Package: | msmsTests |
Type: | Package |
Version: | 0.99.1 |
Date: | 2013-07-26 |
License: | GPL-2 |
msms.glm.pois : |
Poisson based GLM regression |
msms.glm.qlll : |
Quasi-likelihood GLMregression |
msms.edgeR : |
The binomial negative of edgeR |
pval.by.fc : |
Table of cumulative frequencies of features by p-values in bins of log fold change |
test.results : |
Multitest p-value adjustement and post-test filter |
res.volcanoplot : |
Volcanplot of the results |
Josep Gregori, Alex Sanchez, and Josep Villanueva
Maintainer: Josep Gregori <[email protected]>
Josep Gregori, Laura Villareal, Alex Sanchez, Jose Baselga, Josep Villanueva (2013). An Effect Size Filter Improves the Reproducibility in Spectral Counting-based Comparative Proteomics. Journal of Proteomics, DOI http://dx.doi.org/10.1016/j.jprot.2013.05.030
Given a null and an alternative model, with a two level treatment factor as the two conditions to compare, executes the negative binomial test by edgeR functions to discover differentially expressed proteins between the two conditions. The null and alternative models may include blocking factors.The reference level of the main factor is considered to be the control condition
msms.edgeR(msnset,form1,form0,facs=NULL,div=NULL,fnm=NULL)

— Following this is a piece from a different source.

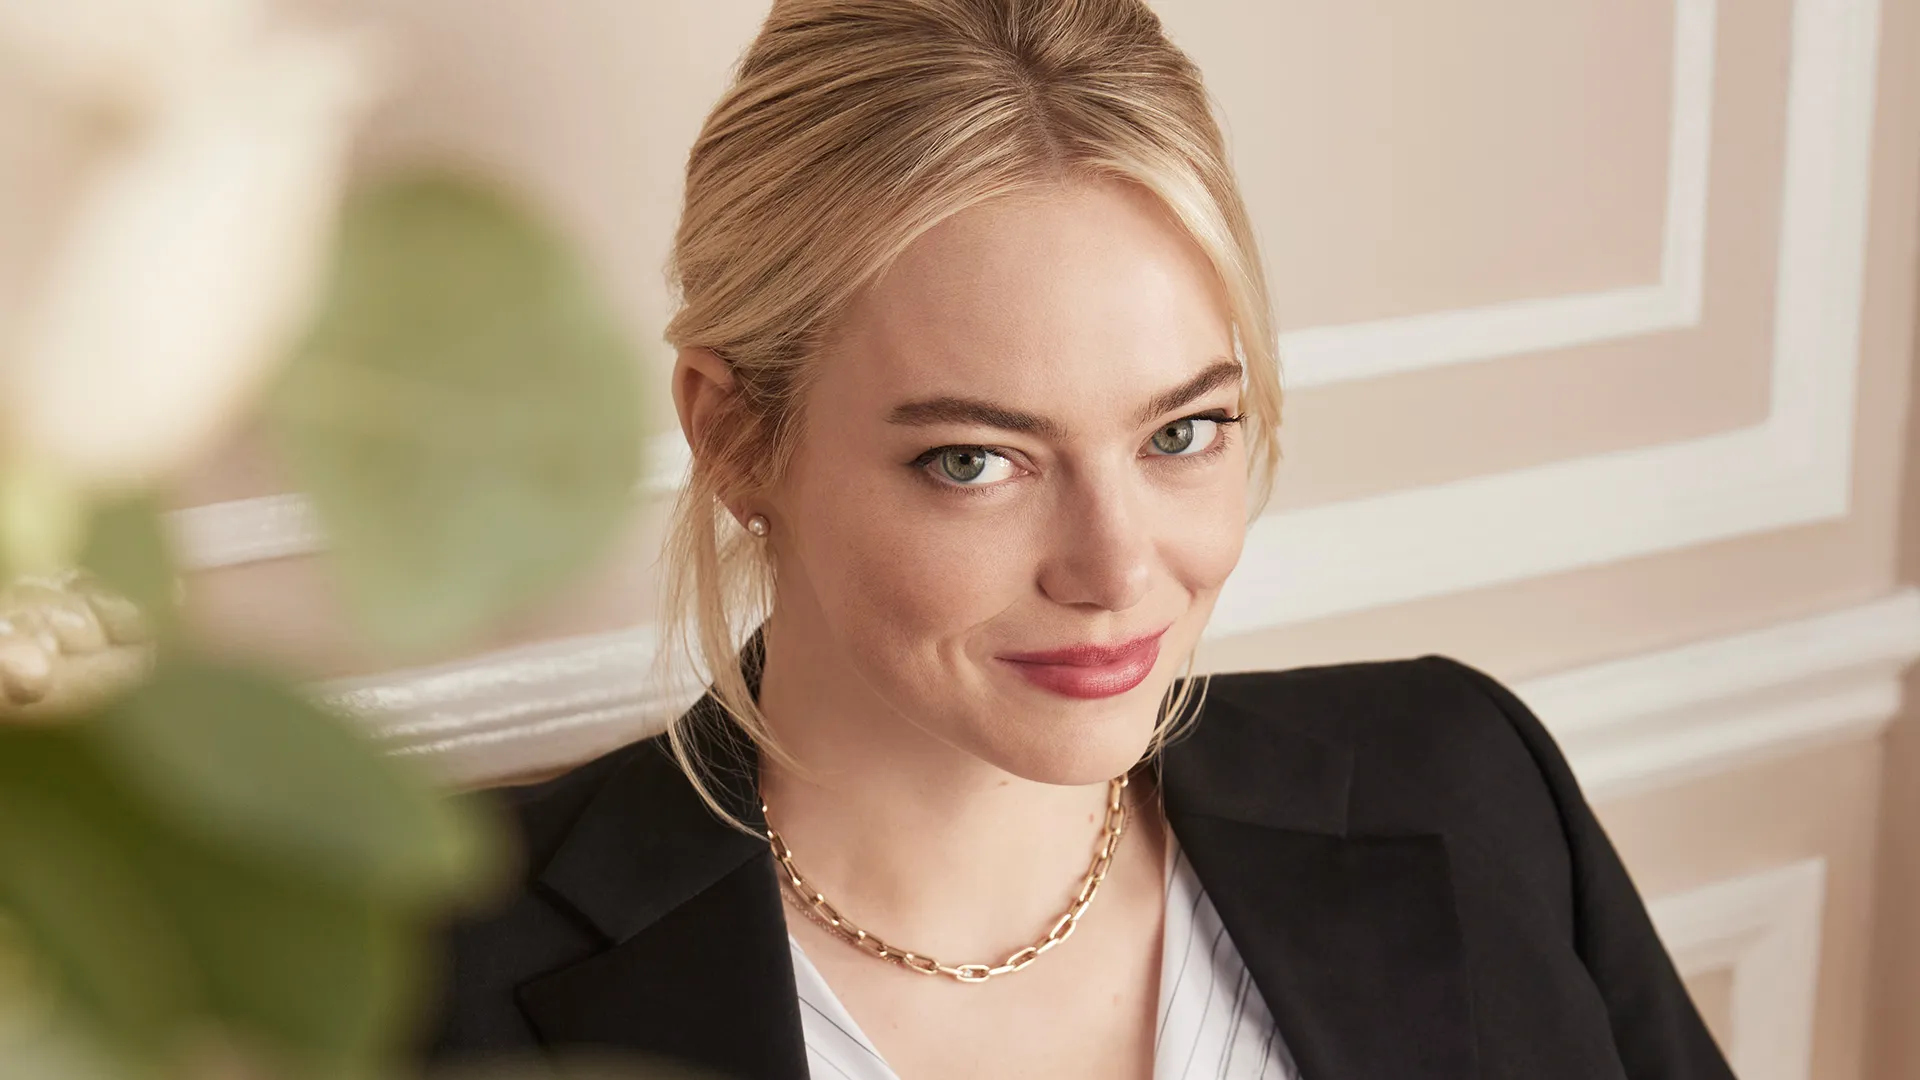 Emma Stone’s Quest To Get On ‘Jeopardy!’ Revealed

msms.edgeR(msnset,form1,form0,facs=NULL,div=NULL,fnm=NULL)
msnset |
A MSnSet object with spectral counts in the expression matrix. |
form1 |
The alternative hypothesis model as an standard R formula, with the treatment factor of interest, and eventual blocking factors. |
form0 |
The null hypothesis model as an standard R formula.It may be the standard null model (y~.) or contain one or multiple blocking factors. |
facs |
NULL or a data frame with the factors in its columns. |
div |
NULL or a vector with the divisors used to compute the offsets. |
fnm |
NULL or a character string with the treatment factor name, as used in the column names of the factors data frame, and in the formula. |
The right hand site of the formulas is expected to be "y~", with
the combination of factors after the tilde. If facs
is NULL the factors
are taken as default from pData(msnset)
. If div
is NULL all
divisors are taken equal to one. If fnm
is NULL it is taken to be the
first factor in facs
.
A data frame with column names 'LogFC', 'LR', 'p.value', with the estimated log fold changes, likelihood ratio statistic and corresponding p-value as obtaimed from a call to glmLRT() from the edgeR package.
Josep Gregori i Font
Robinson MD, McCarthy DJ and Smyth GK (2010). edgeR: a Bioconductor package for differential expression analysis of digital gene expression data. Bioinformatics 26, 139-140
Robinson MD and Smyth GK (2007). Moderated statistical tests for assessing differences in tag abundance. Bioinformatics 23, 2881-2887
Robinson MD and Smyth GK (2008). Small-sample estimation of negative binomial dispersion, with applications to SAGE data. Biostatistics, 9, 321-332
Josep Gregori, Laura Villareal, Alex Sanchez, Jose Baselga, Josep Villanueva (2013). An Effect Size Filter Improves the Reproducibility in Spectral Counting-based Comparative Proteomics. Journal of Proteomics, DOI http://dx.doi.org/10.1016/j.jprot.2013.05.030
MSnSet
, edgeR
, glmLRT
, msmsEDA
## Example library(msmsTests) data(msms.dataset) e <- pp.msms.data(msms.dataset) e null.f <- "y~batch" alt.f <- "y~treat+batch" div <- apply(exprs(e),2,sum) res <- msms.edgeR(e,alt.f,null.f,div=div,fnm="treat") str(res) head(res)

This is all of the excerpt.